The up-to-$840 million buyout price includes an undisclosed upfront payment to IFM Due’s shareholders, plus unspecified milestone payments.

The deal with IFM Due is Novartis’ second involving a subsidiary of Boston-based IFM Therapeutics LLC. On May 8, Novartis completed an up-to-$1.575 billion acquisition of IFM Tre, a deal intended to expand the pharma giant’s pipeline with one clinical and two preclinical programs designed to treat chronic inflammation by inhibiting targets in the innate immune system.

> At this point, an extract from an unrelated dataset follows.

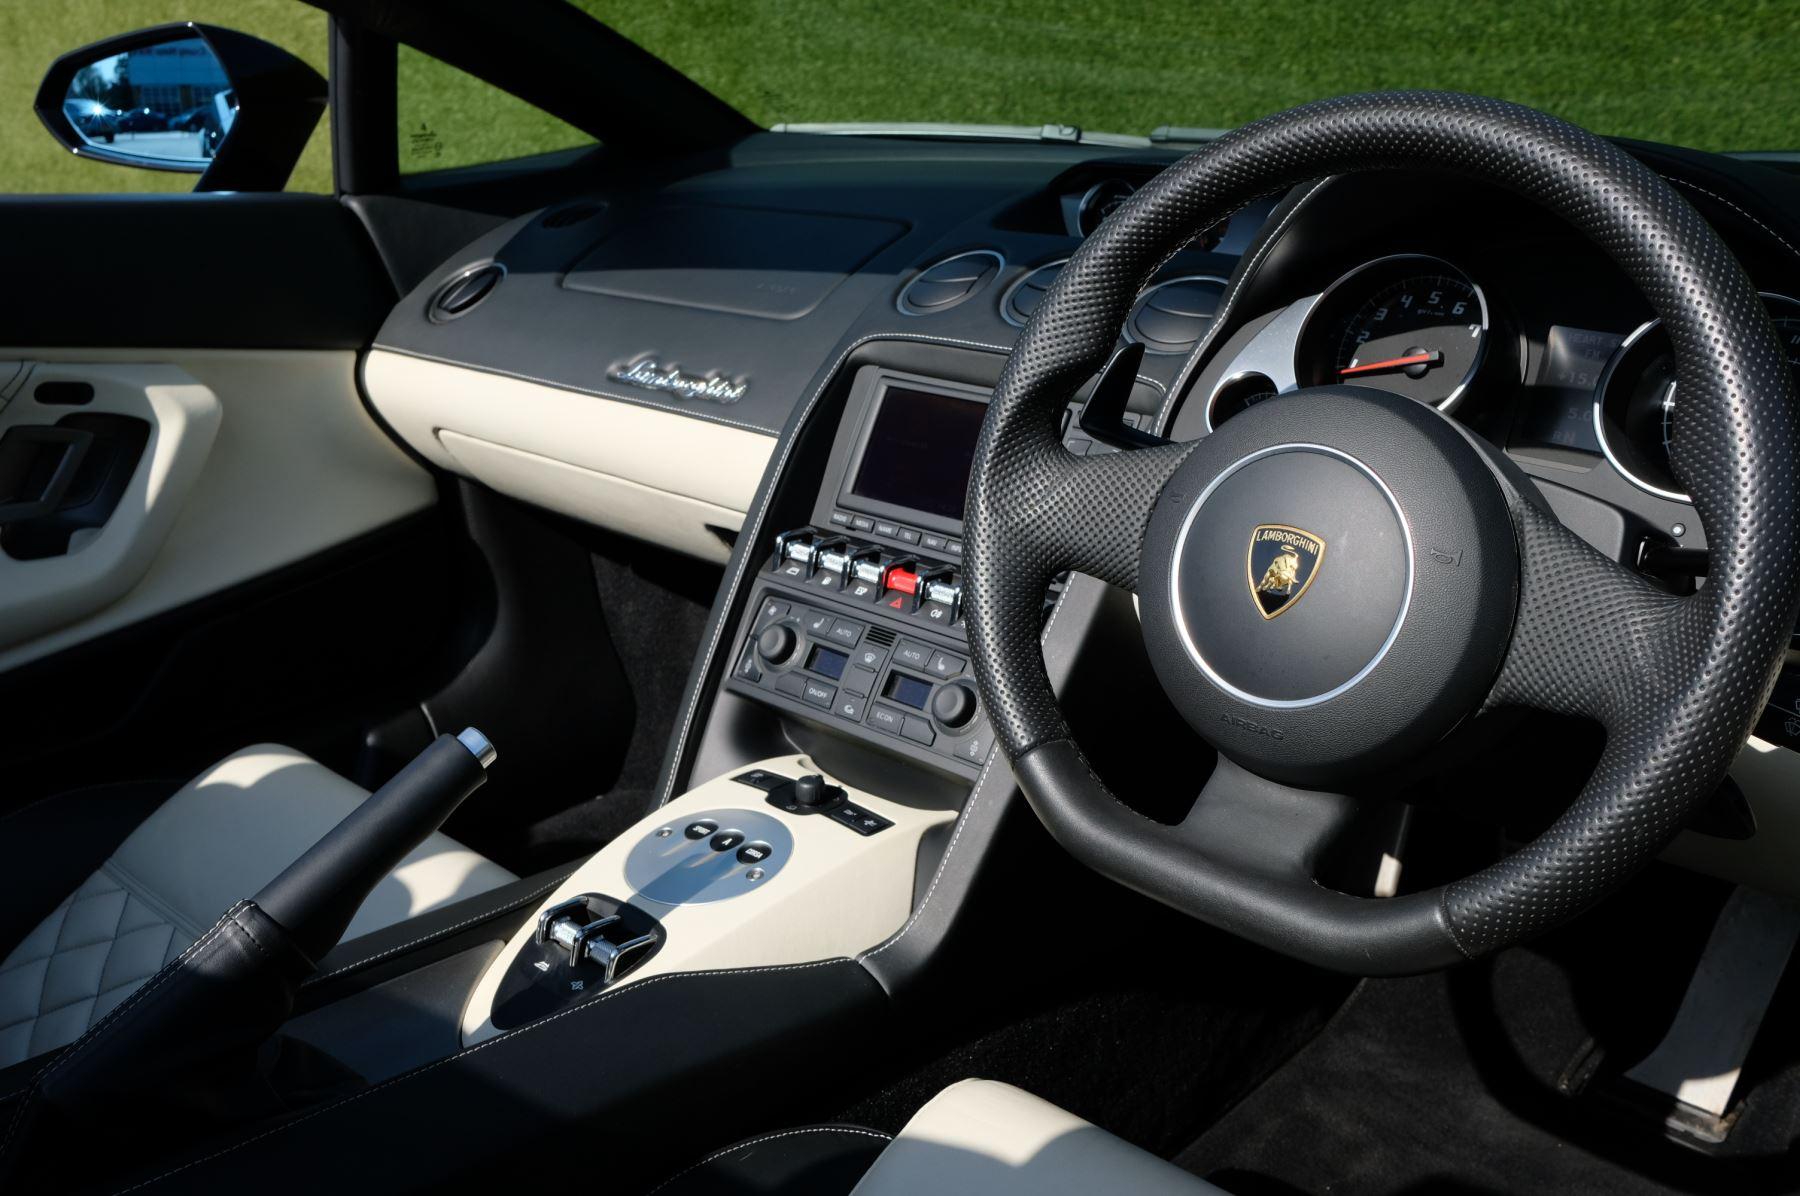 Lamborghini Gallardo LP 560-4 Spyder image 13

IFM Tre specializes in developing small-molecule antagonists targeting abnormal or chronic inflammatory responses of the innate immune system through the NOD-, LRR- and pyrin domain-containing 3 (NLRP3) pathway.

IFM Therapeutics LLC was established by management members of the original IFM Therapeutics Inc., following its acquisition by Bristol-Myers Squibb (BMS) in 2017 for $300 million upfront and up to $1.01 billion in milestones. That deal gave BMS full rights to the original IFM’s preclinical STING and NLRP3 agonist programs focused on enhancing the innate immune response for treating cancer.